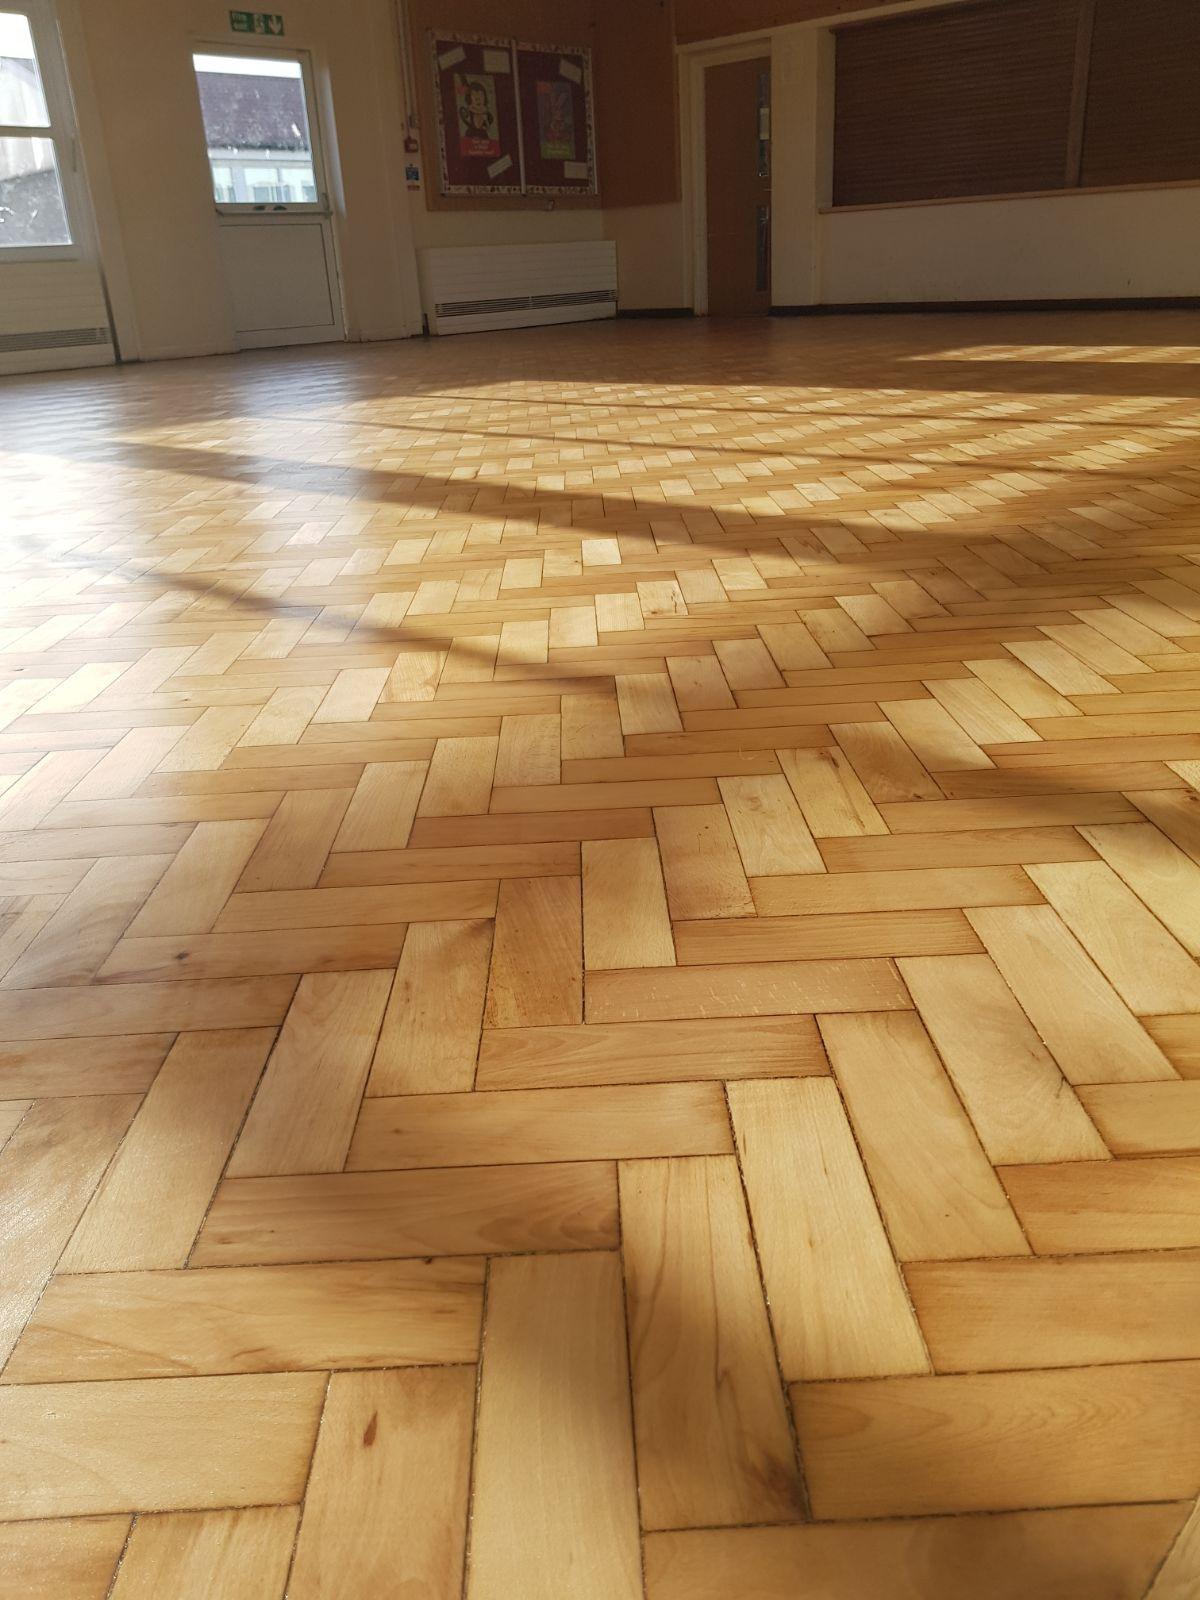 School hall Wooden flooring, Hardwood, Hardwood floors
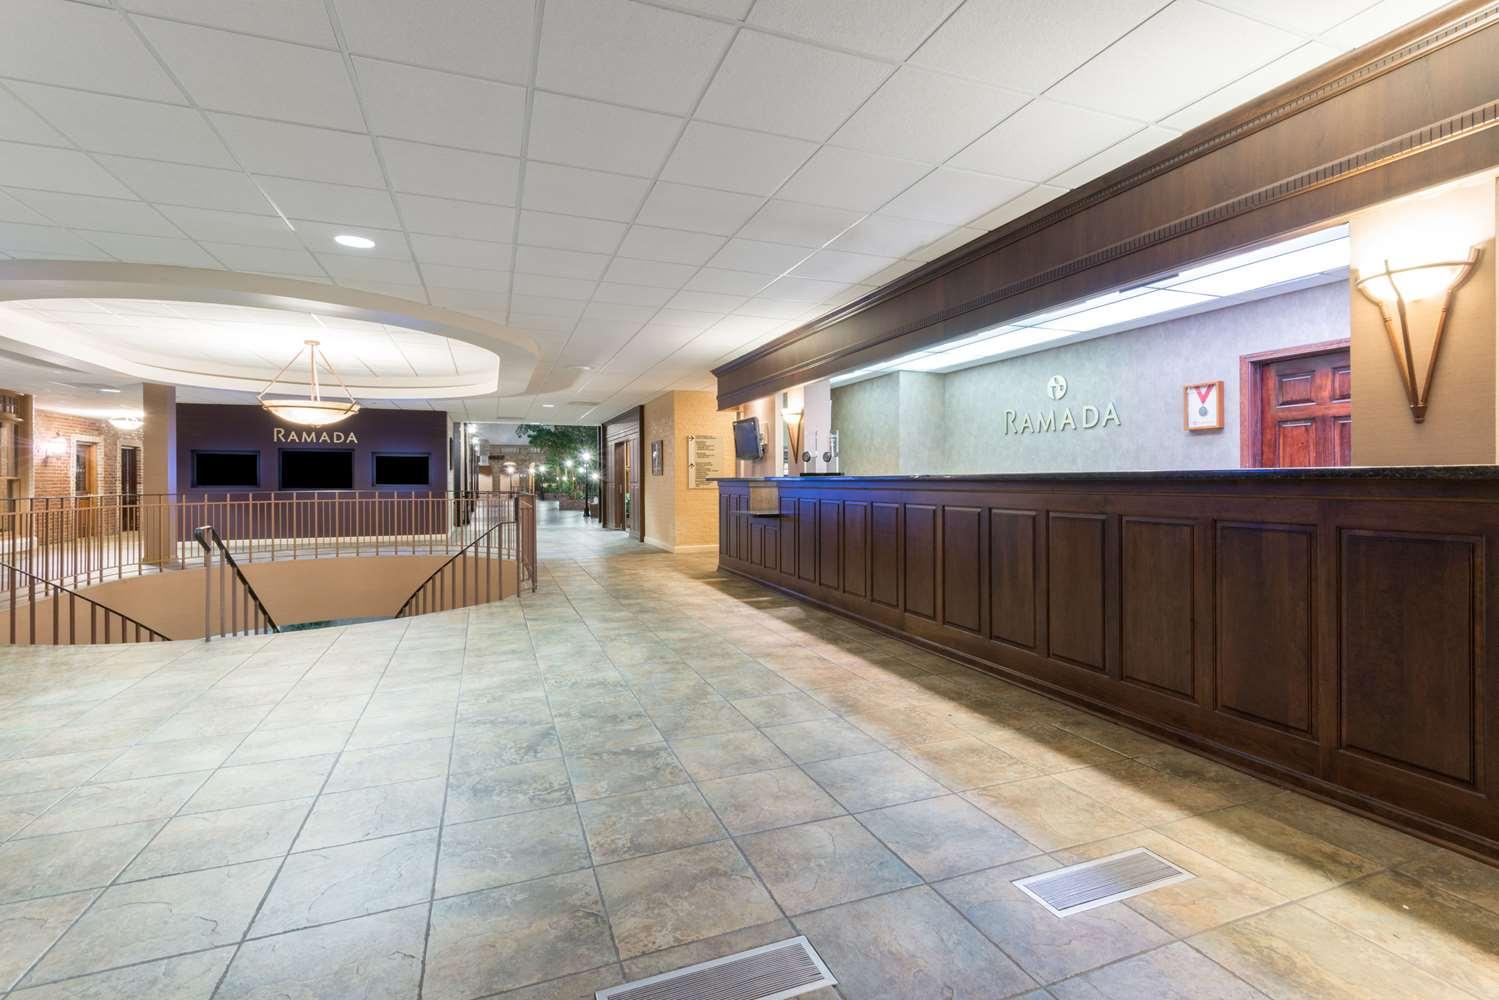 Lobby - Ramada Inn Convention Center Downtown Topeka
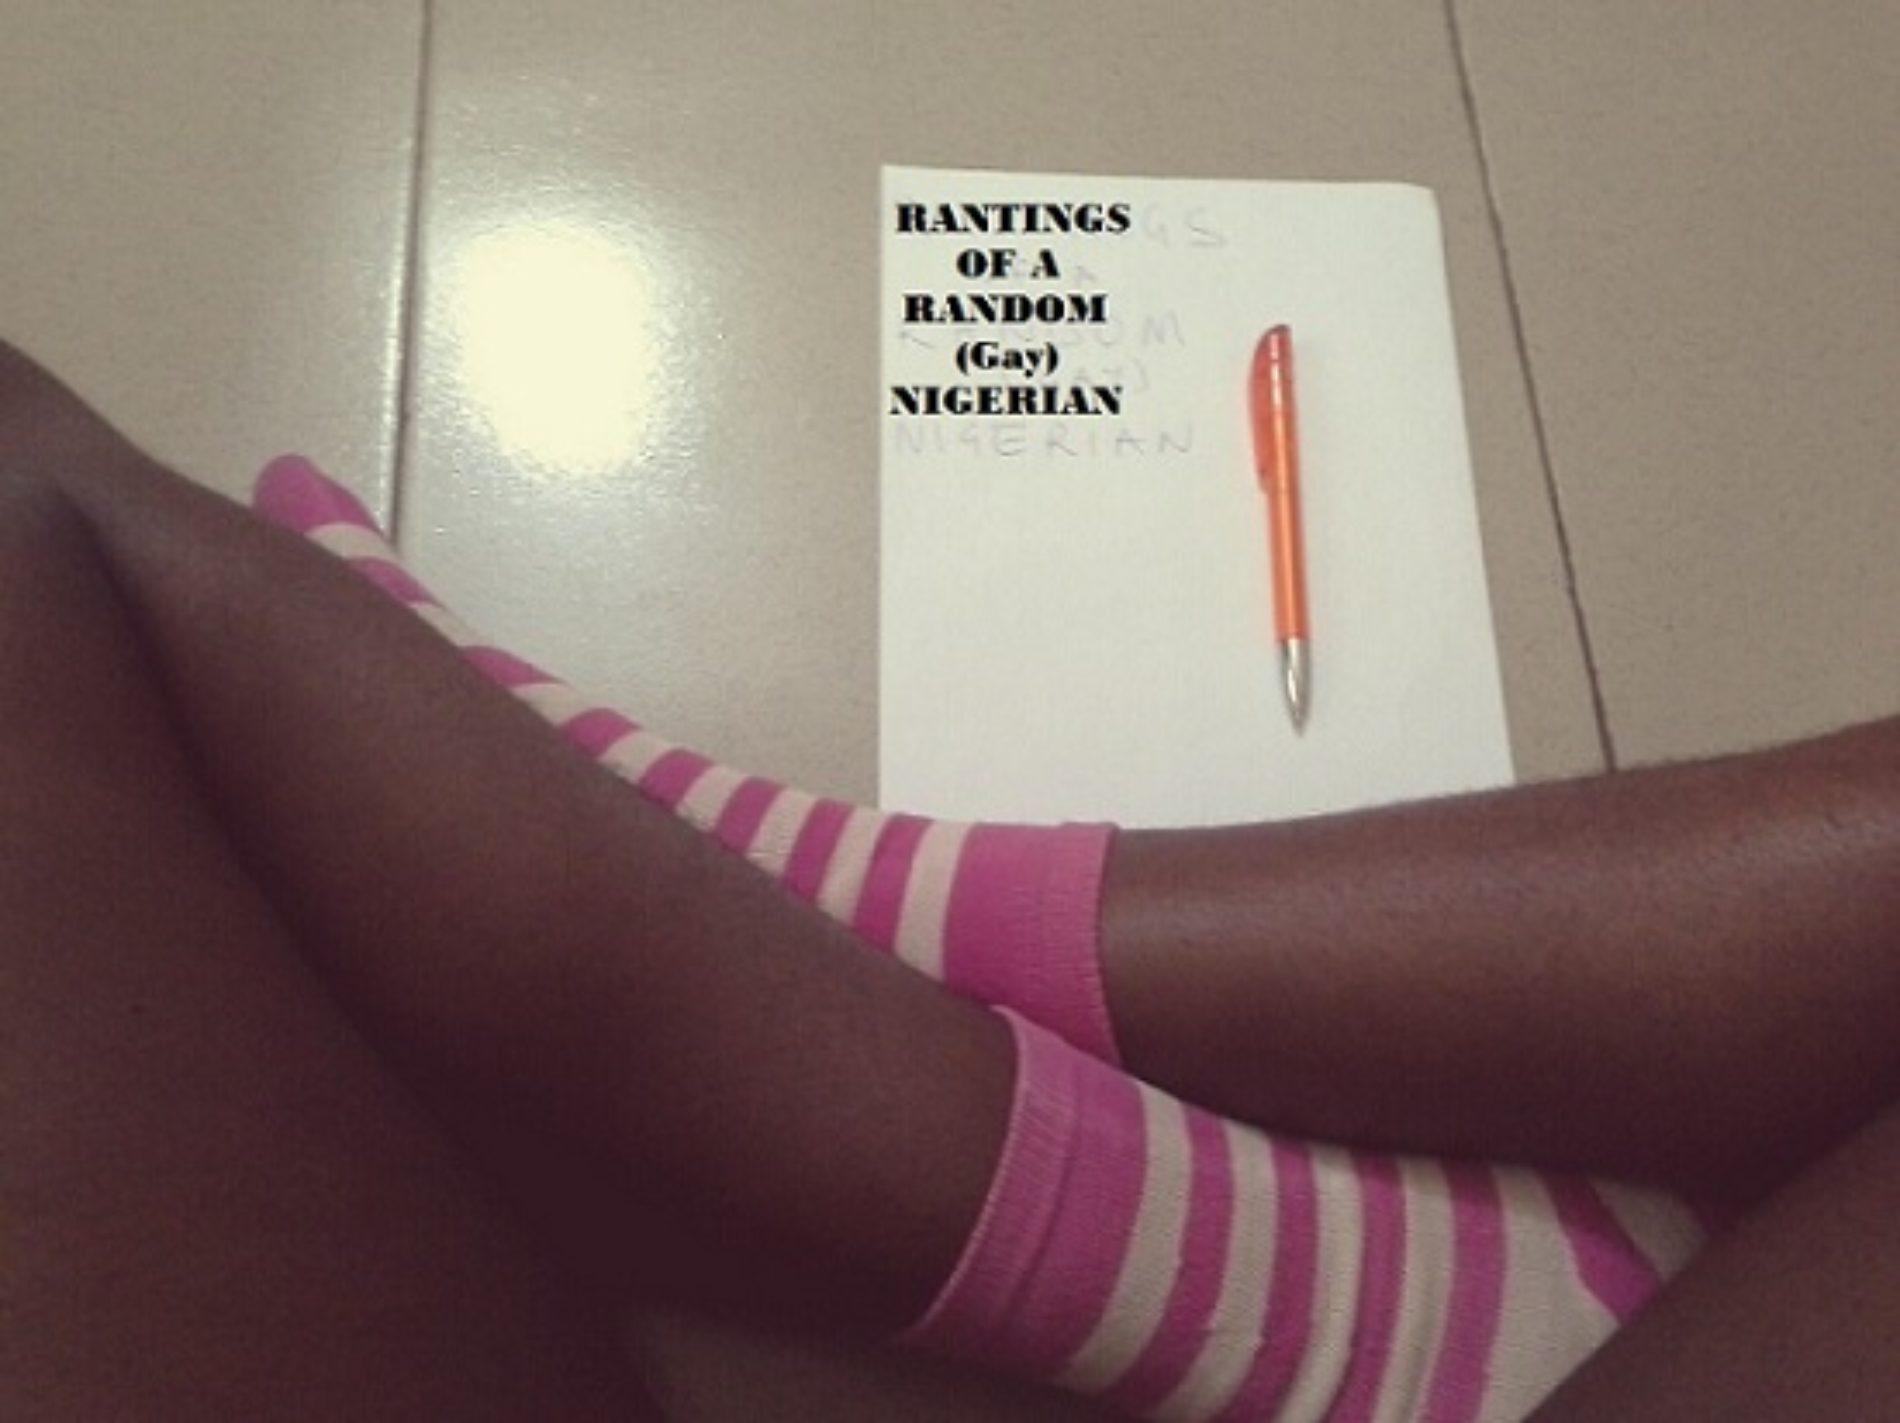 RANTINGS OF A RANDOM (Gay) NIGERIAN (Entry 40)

## What this task involves
Please restate, word for word, the lines from the one with "Lobby - Ramada" through the final line of the material, both included, and omit the pictures.

## Answer to this problem
 Lobby - Ramada Inn Convention Center Downtown Topeka
 RANTINGS OF A RANDOM (Gay) NIGERIAN (Entry 40)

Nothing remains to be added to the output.